*Study material:*
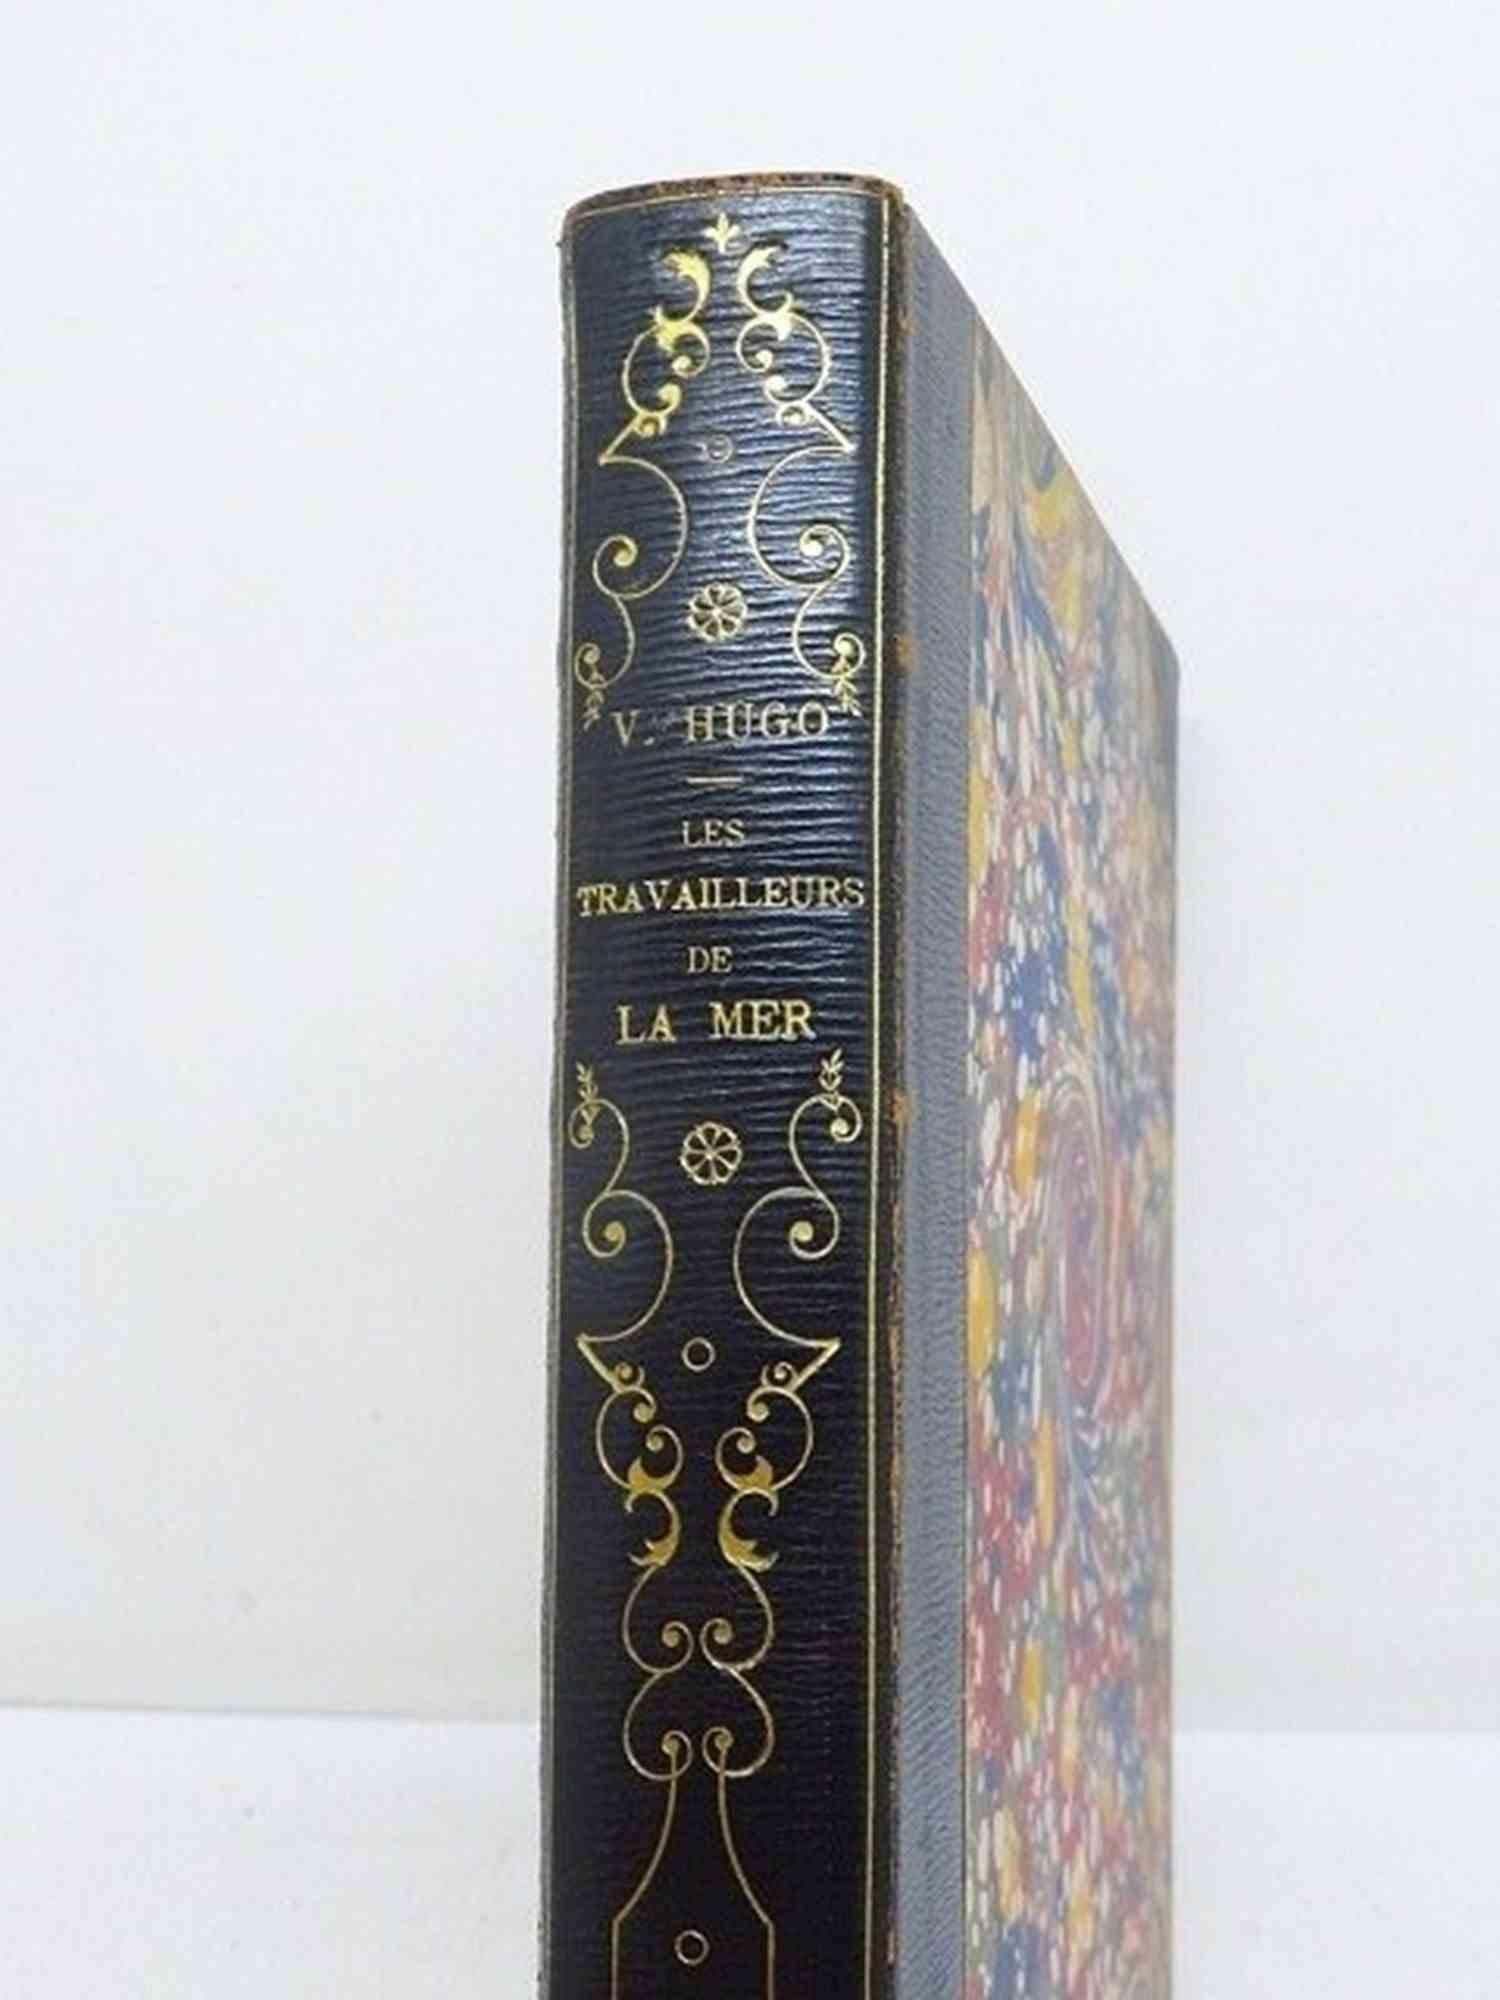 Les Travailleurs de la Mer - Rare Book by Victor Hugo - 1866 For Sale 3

...

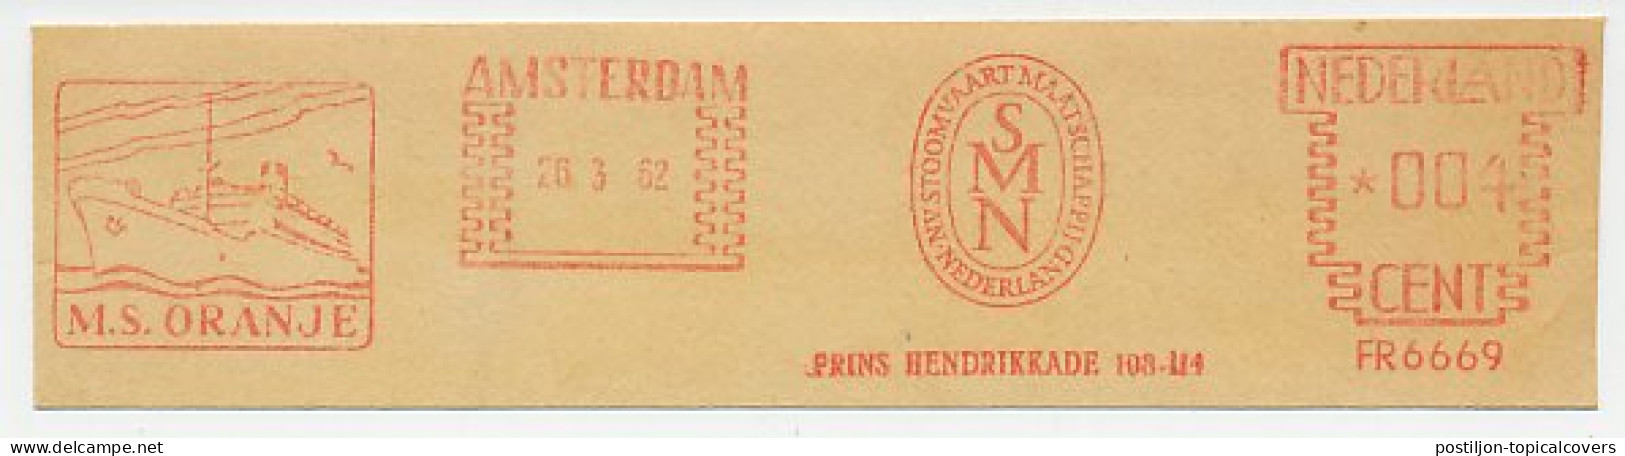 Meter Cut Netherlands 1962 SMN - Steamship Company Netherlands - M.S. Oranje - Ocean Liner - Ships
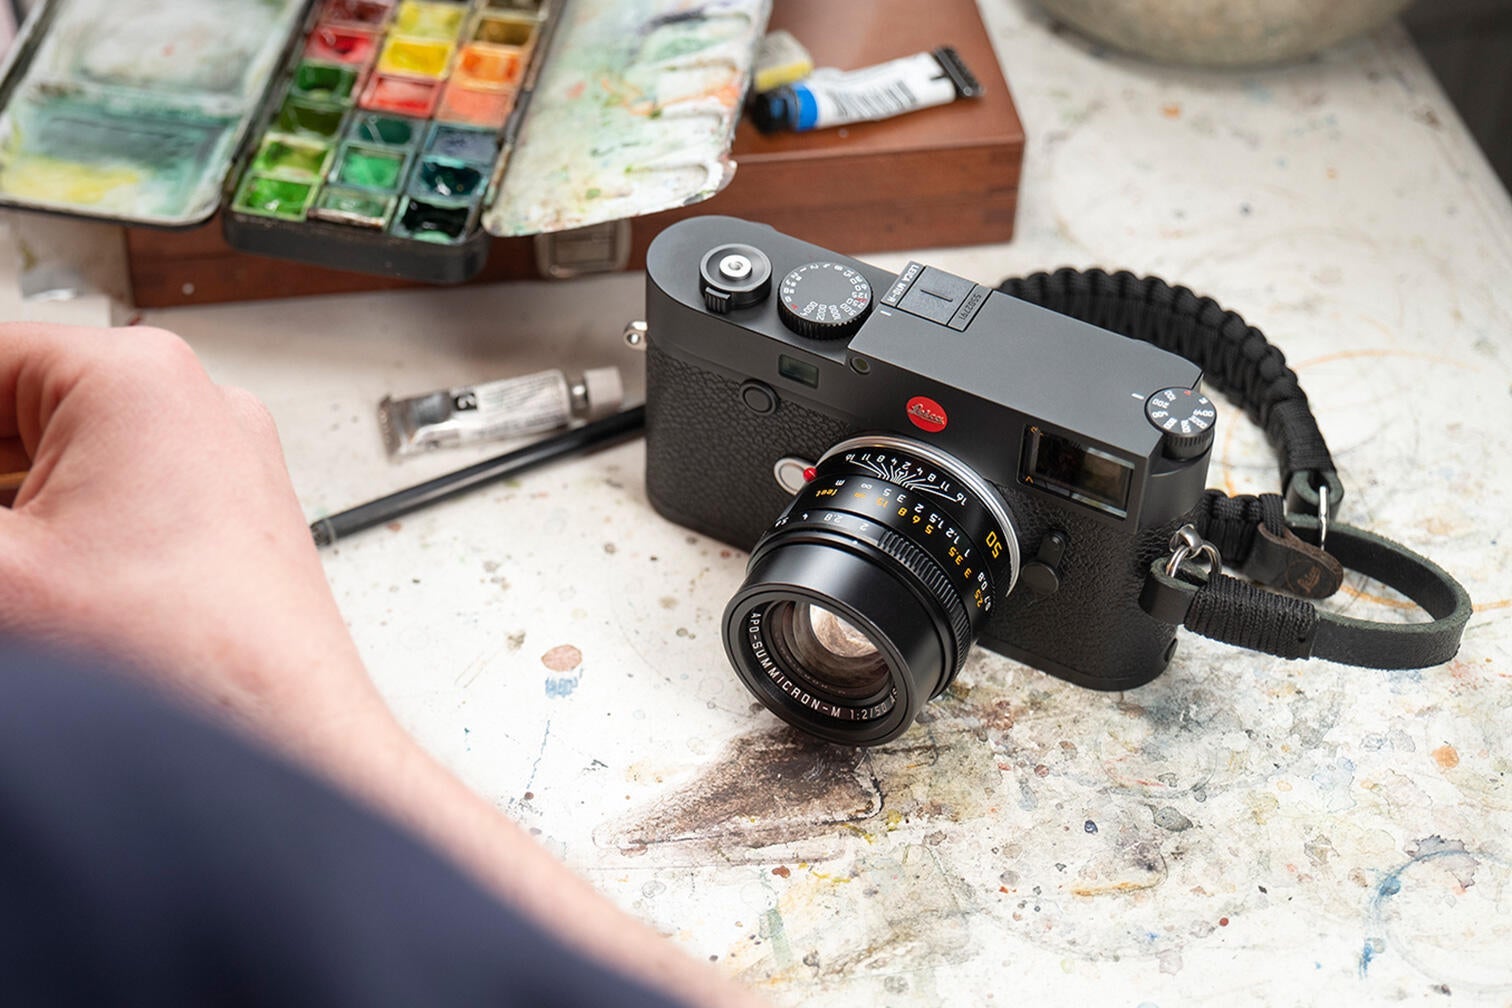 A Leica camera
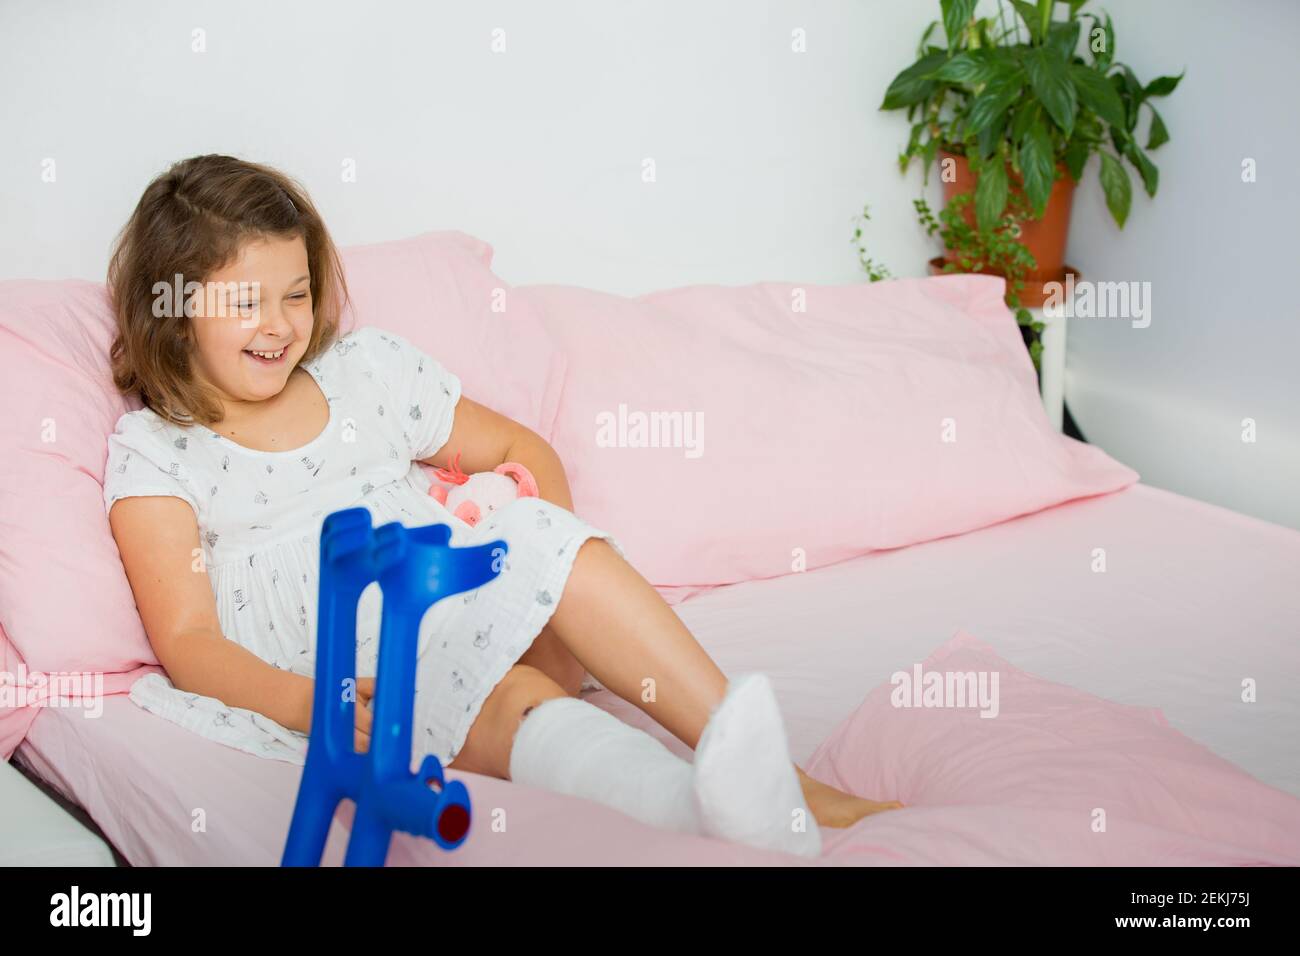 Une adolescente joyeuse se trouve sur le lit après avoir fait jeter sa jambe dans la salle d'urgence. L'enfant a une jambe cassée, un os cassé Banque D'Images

*What is needed:*
Reproduce exactly the lines above starting at the line containing "A Leica camera" and ending at the line containing "Une adolescente joyeuse", including both, but not the pictures.

*The answer:*
 A Leica camera
 Une adolescente joyeuse se trouve sur le lit après avoir fait jeter sa jambe dans la salle d'urgence. L'enfant a une jambe cassée, un os cassé Banque D'Images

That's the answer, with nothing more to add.